◆ REQUIRED WORK ◆
Write out the data again exactly, skipping every picture.

◆ GIVEN DATA ◆
▬▬▬
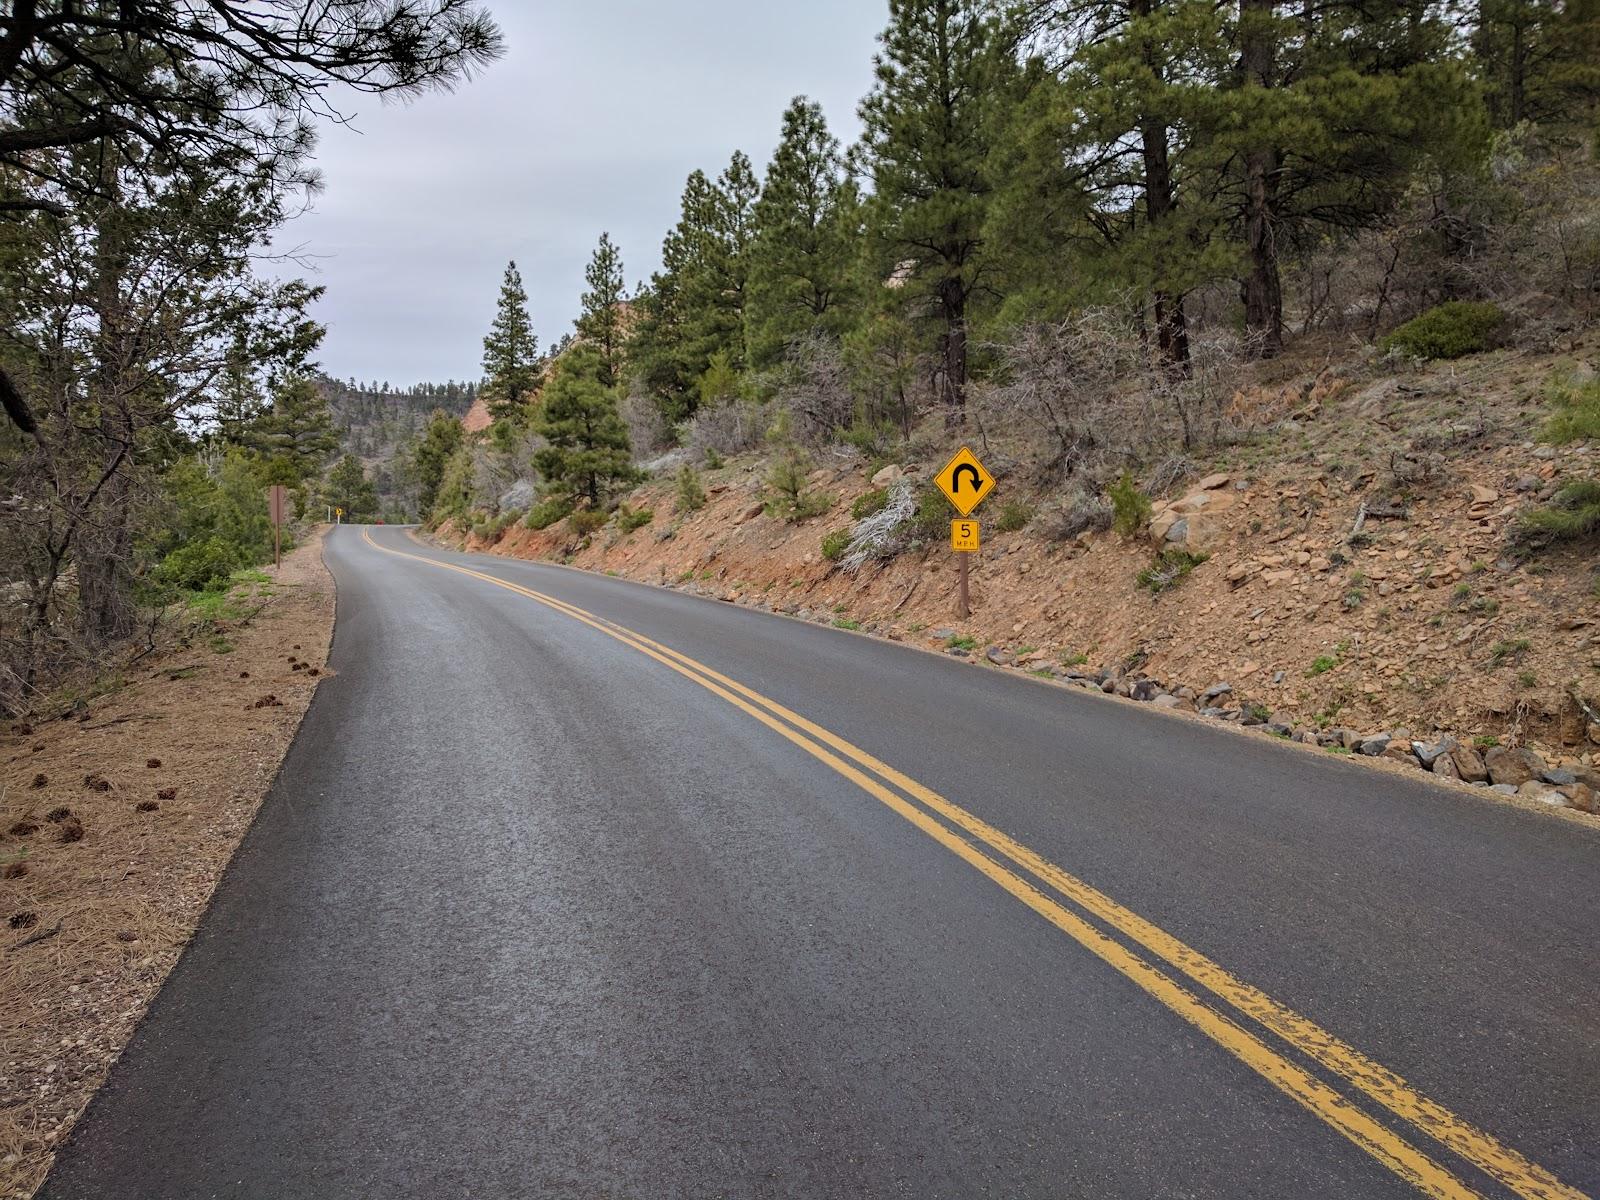 Kolob Terrace bike climb - finish - roadway and forest
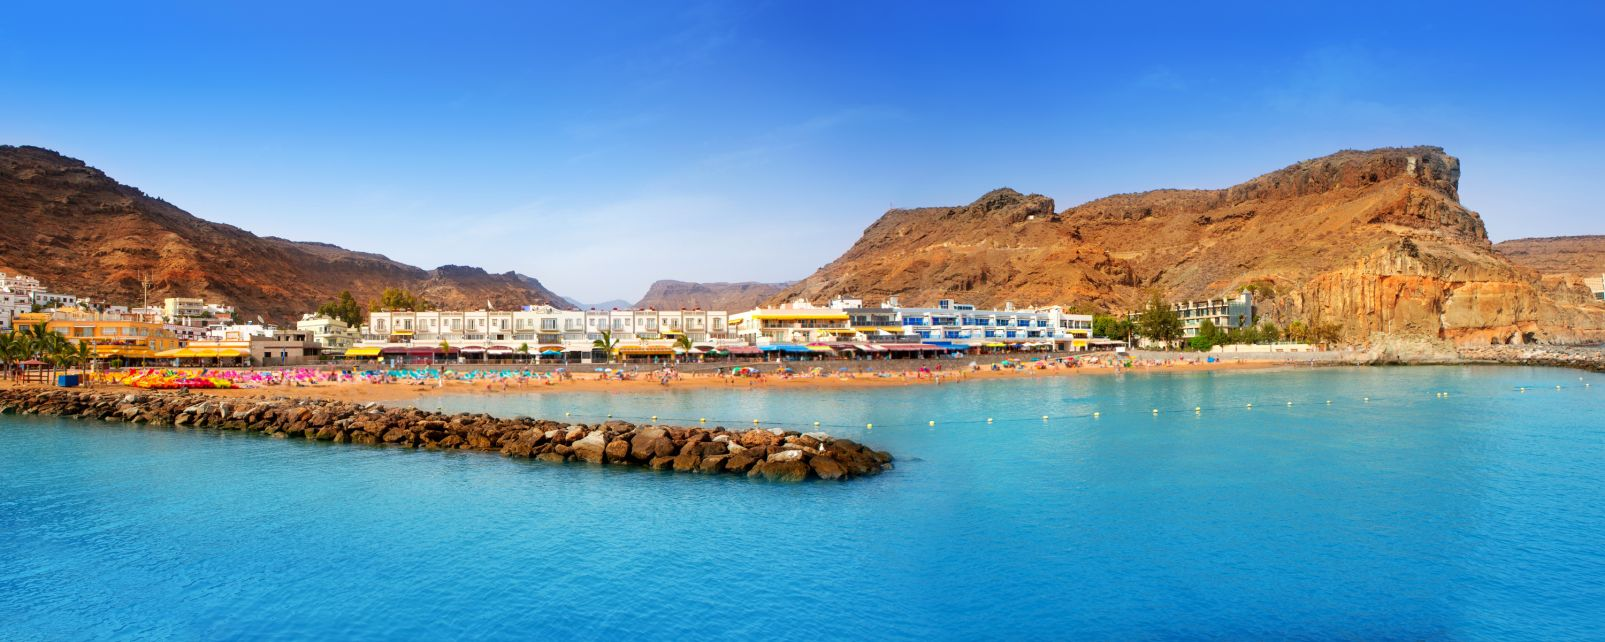 Gran Canaria - Puerto de Mogan, Die Küsten, Kanarische Inseln
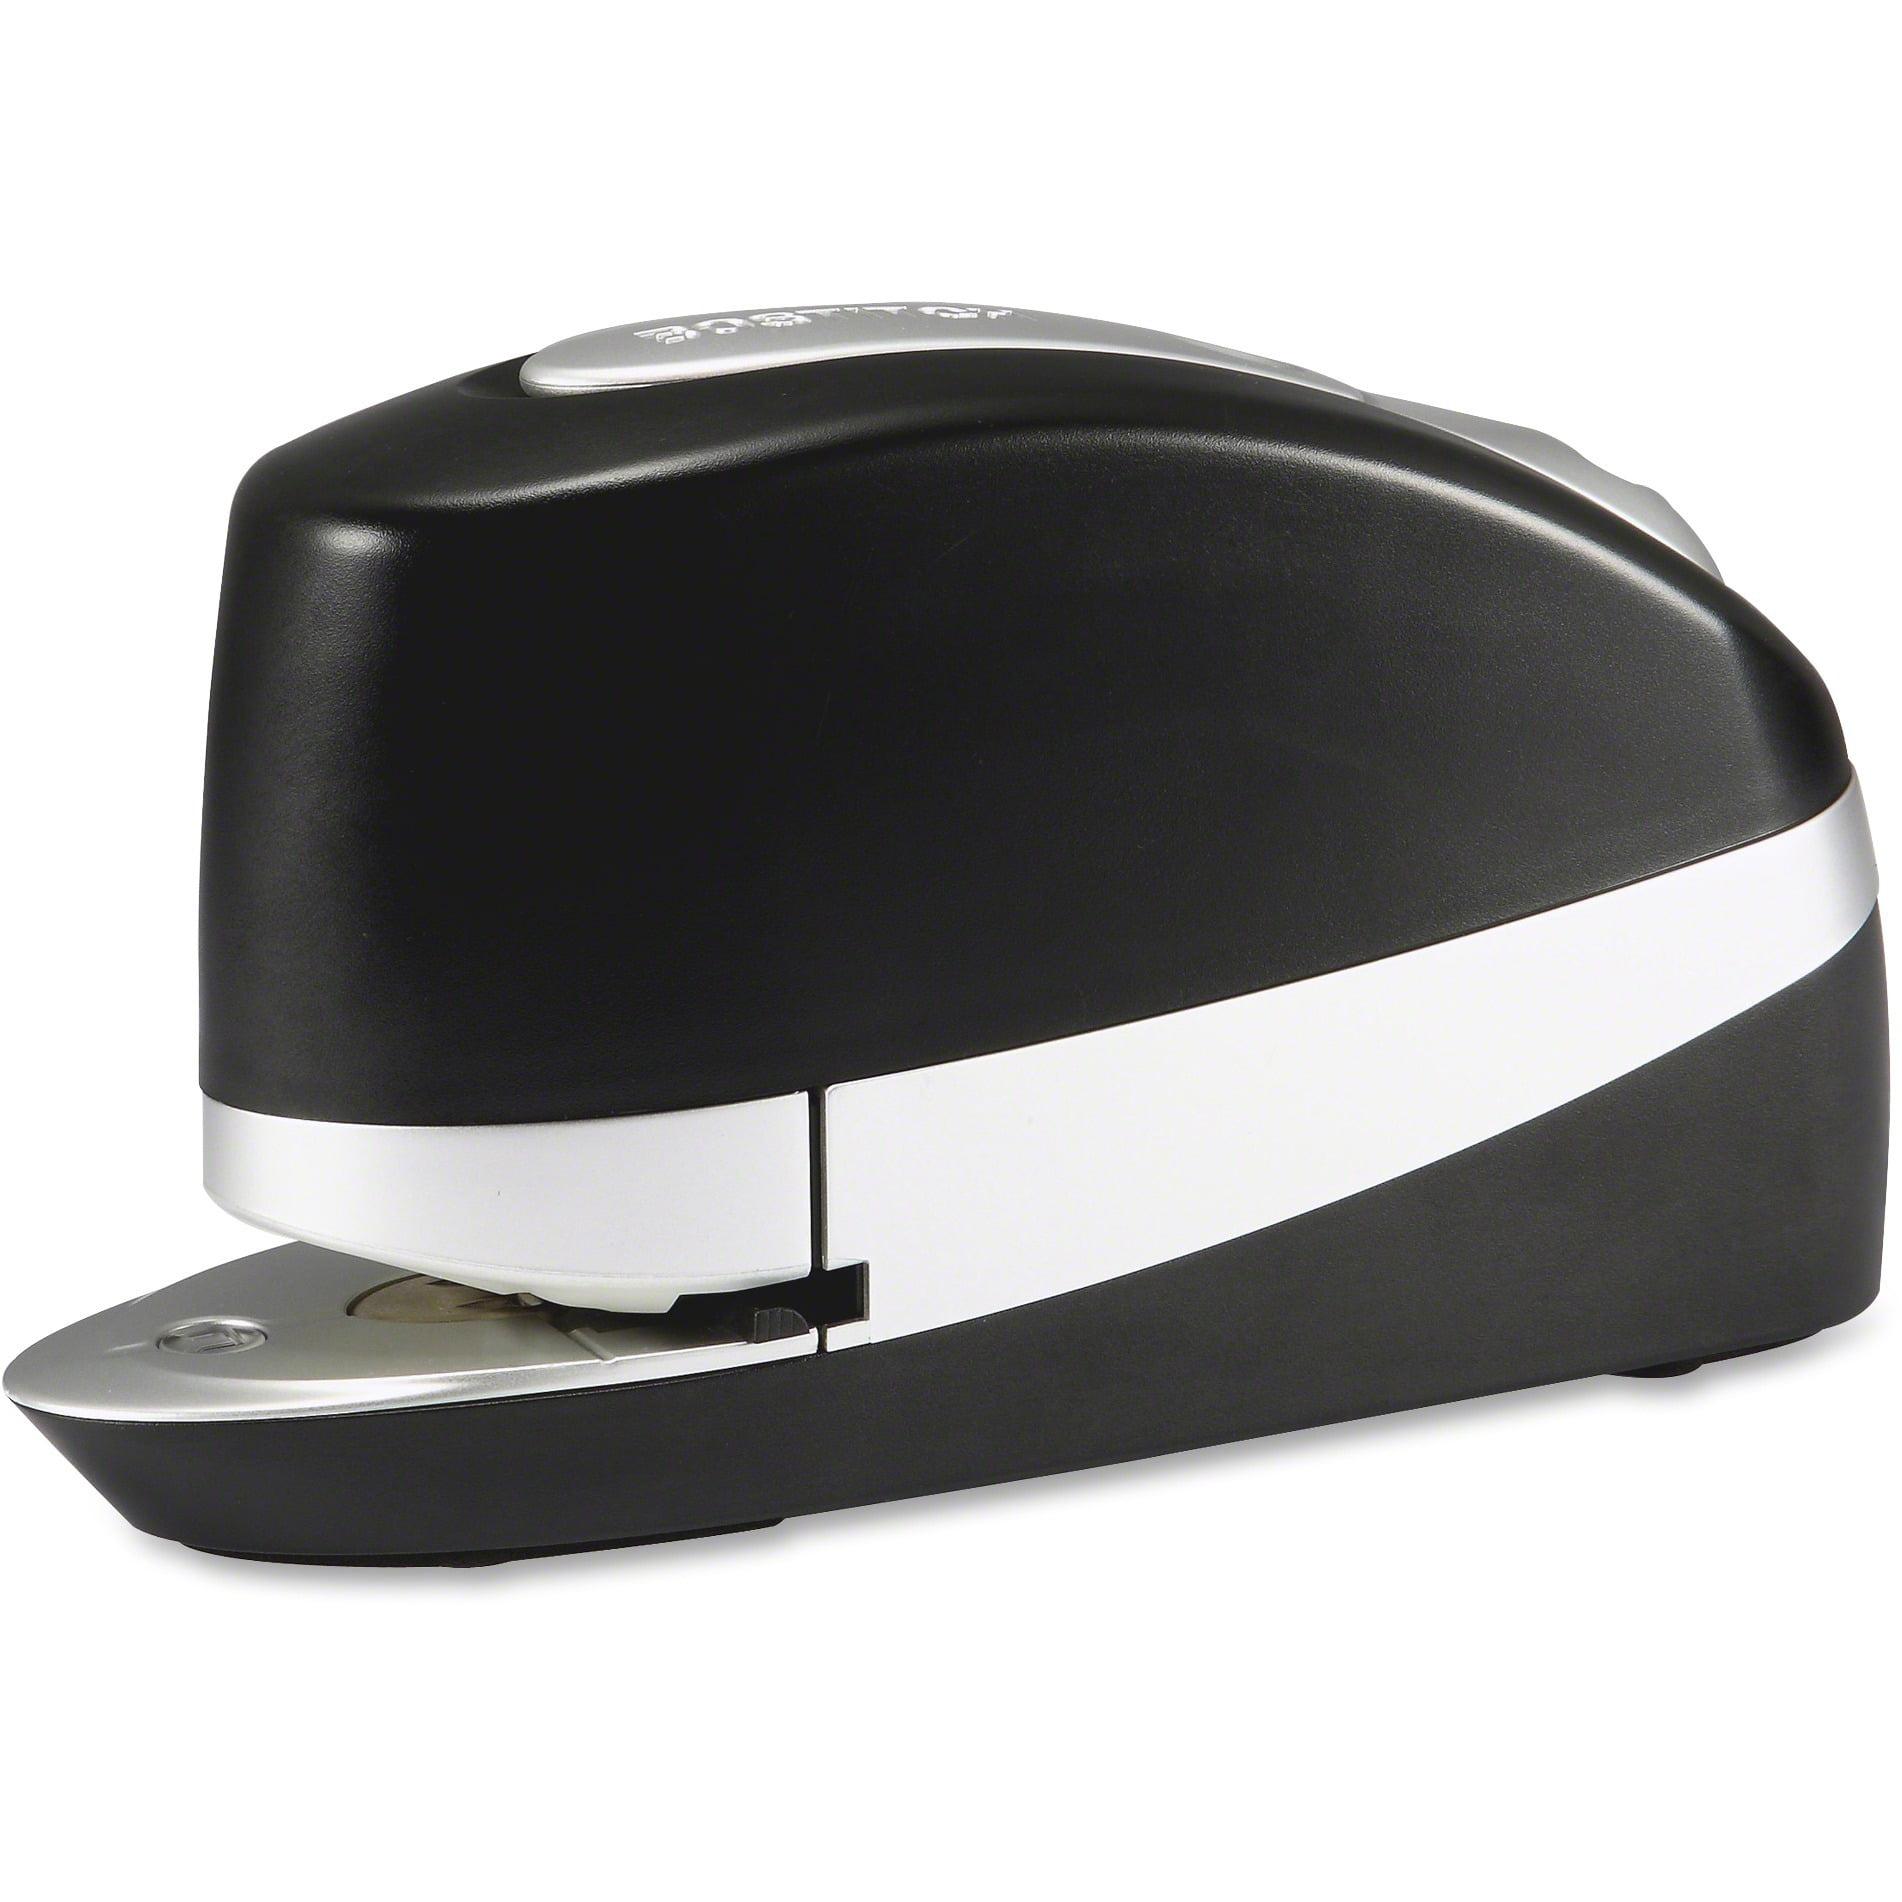 Bostitch, BOS20SUITEBLK, Impulse 20 Executive Electric Stapler, 1 Each, Black,Silver
▬▬▬
◆ PROBLEM SOLUTION ◆
 Kolob Terrace bike climb - finish - roadway and forest
 Gran Canaria - Puerto de Mogan, Die Küsten, Kanarische Inseln
 Bostitch, BOS20SUITEBLK, Impulse 20 Executive Electric Stapler, 1 Each, Black,Silver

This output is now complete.